Слушая жаркий разговор за своей спиной, Серафима Прокофьевна что-то шепнула приятельнице, которую держала под руку, обернулась, снова встретилась глазами с Алдымовым, заметила лестное для женского самолюбия смущение, и с нарочитой серьезностью спросила:
– А что вы скажете о позиции Смилги?
Алдымов вдруг почувствовал себя совершенным студентом, вынувшим счастливый билет. Он не знал, как заговорить, не будучи даме представленным, и вдруг такая удача.
– Если мы хотим двигать мелкую промышленность, а в нашей ситуации это жизненно необходимо… – Алдымов смотрел в глаза женщине, интересующейся позицией Смилги, и вся праздничная бутафория первомайской площади увяла от этого света. Алдымов даже испугался, что интерес к Смилге у дамы не глубокий и может пропасть, поэтому поспешил с разъяснением. – Смилгу пугает то, что мелкая промышленность уходит из рук государства. Так и слава Богу, что уходит. Зачем государству тащить этот обоз мелочевки! Впрочем, куда же она уходит? Она остается, во-первых, в виде налогов, во-вторых, это рост товарной массы. А Смилга что предлагает? Давайте ее подчиним государству. А потом поглотим. Поглотить – это же тормоз получается… Простите, как вас зовут? Я не представился. Алдымов. Губплан.

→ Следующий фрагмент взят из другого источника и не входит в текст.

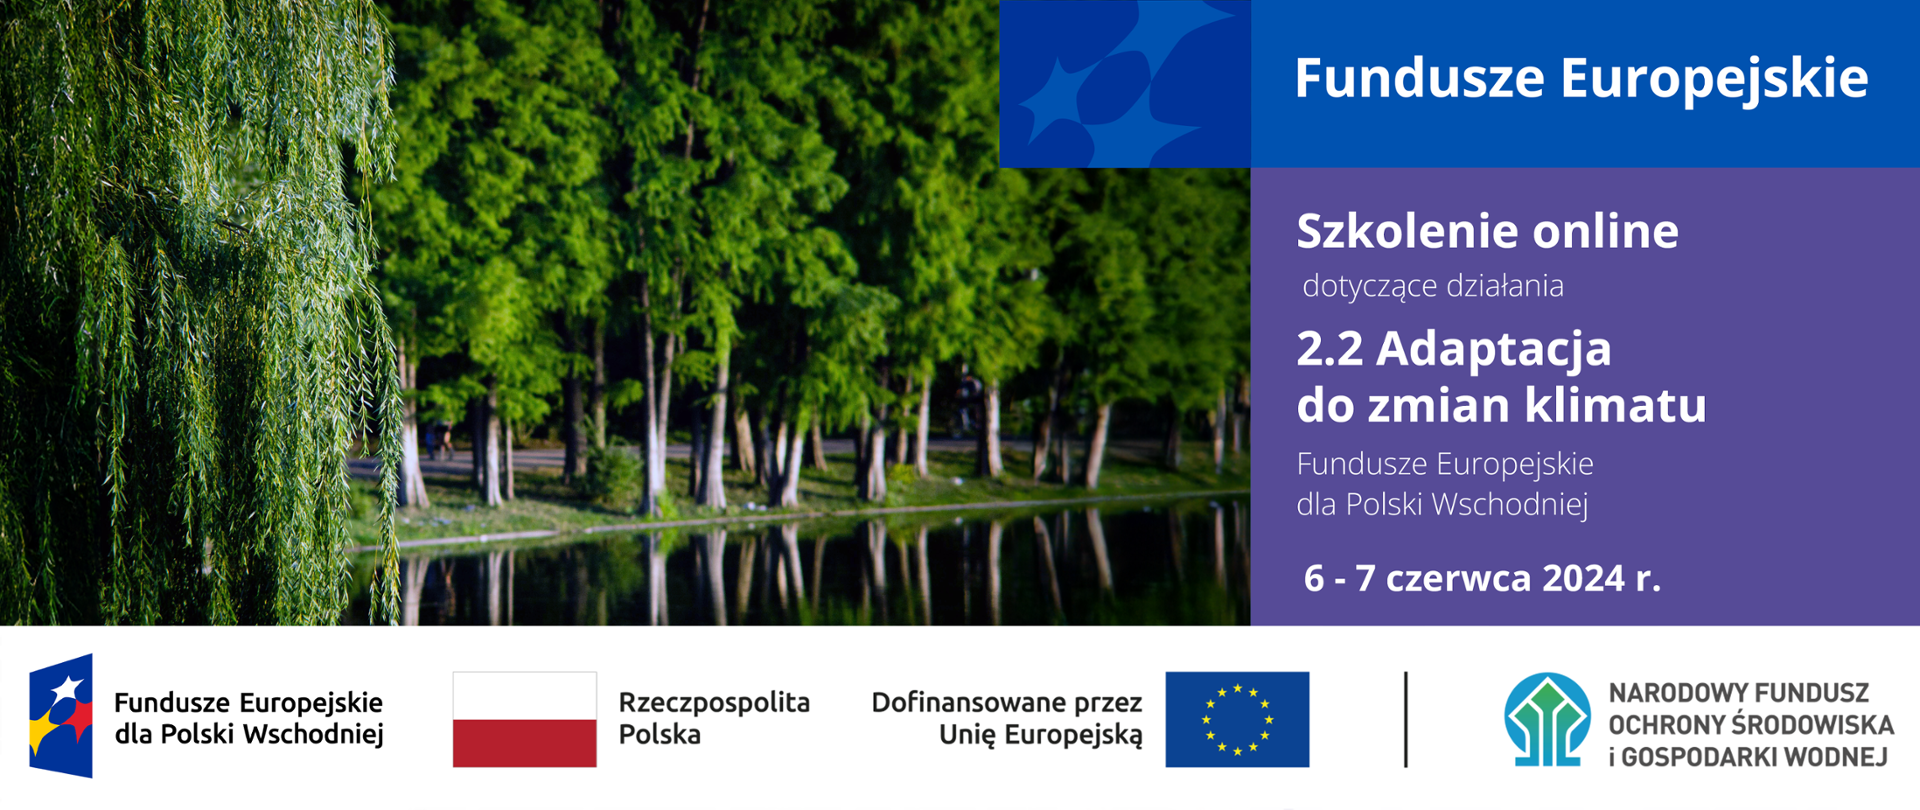 Infografika - po lewej stronie zdjęcie parku, po prawej napis: "Fundusze Europejskie Szkolenie online dotyczące działania 2.2 Adaptacja do zmian klimatu Fundusze Europejskie dla Polski Wschodniej 6 - 7 czerwca 2024 r.". Poniżej ciąg znaków: FEPW, RP, UE i NFOŚiGW.

– Странное имя, – улыбнулась дама.
– Почему странное? – не понял Алдымов.
– Алдымов. Губплан? – повторила женщина.
– Да, действительно… Простите… – «Я, кажется, смешон», – удивился Алдымов, на секунду увидев себя со стороны. – Мы уже становимся частью нашей работы. А зовут меня Алексей Кириллович.
– Серафима Прокофьевна. С праздником вас, Алексей Кириллович.
Алдымов приложил руку к груди и с легким поклоном ответил:
– И вас с праздником…
Так и начался праздник, которому отпущено было тринадцать лет, шесть месяцев и двадцать дней.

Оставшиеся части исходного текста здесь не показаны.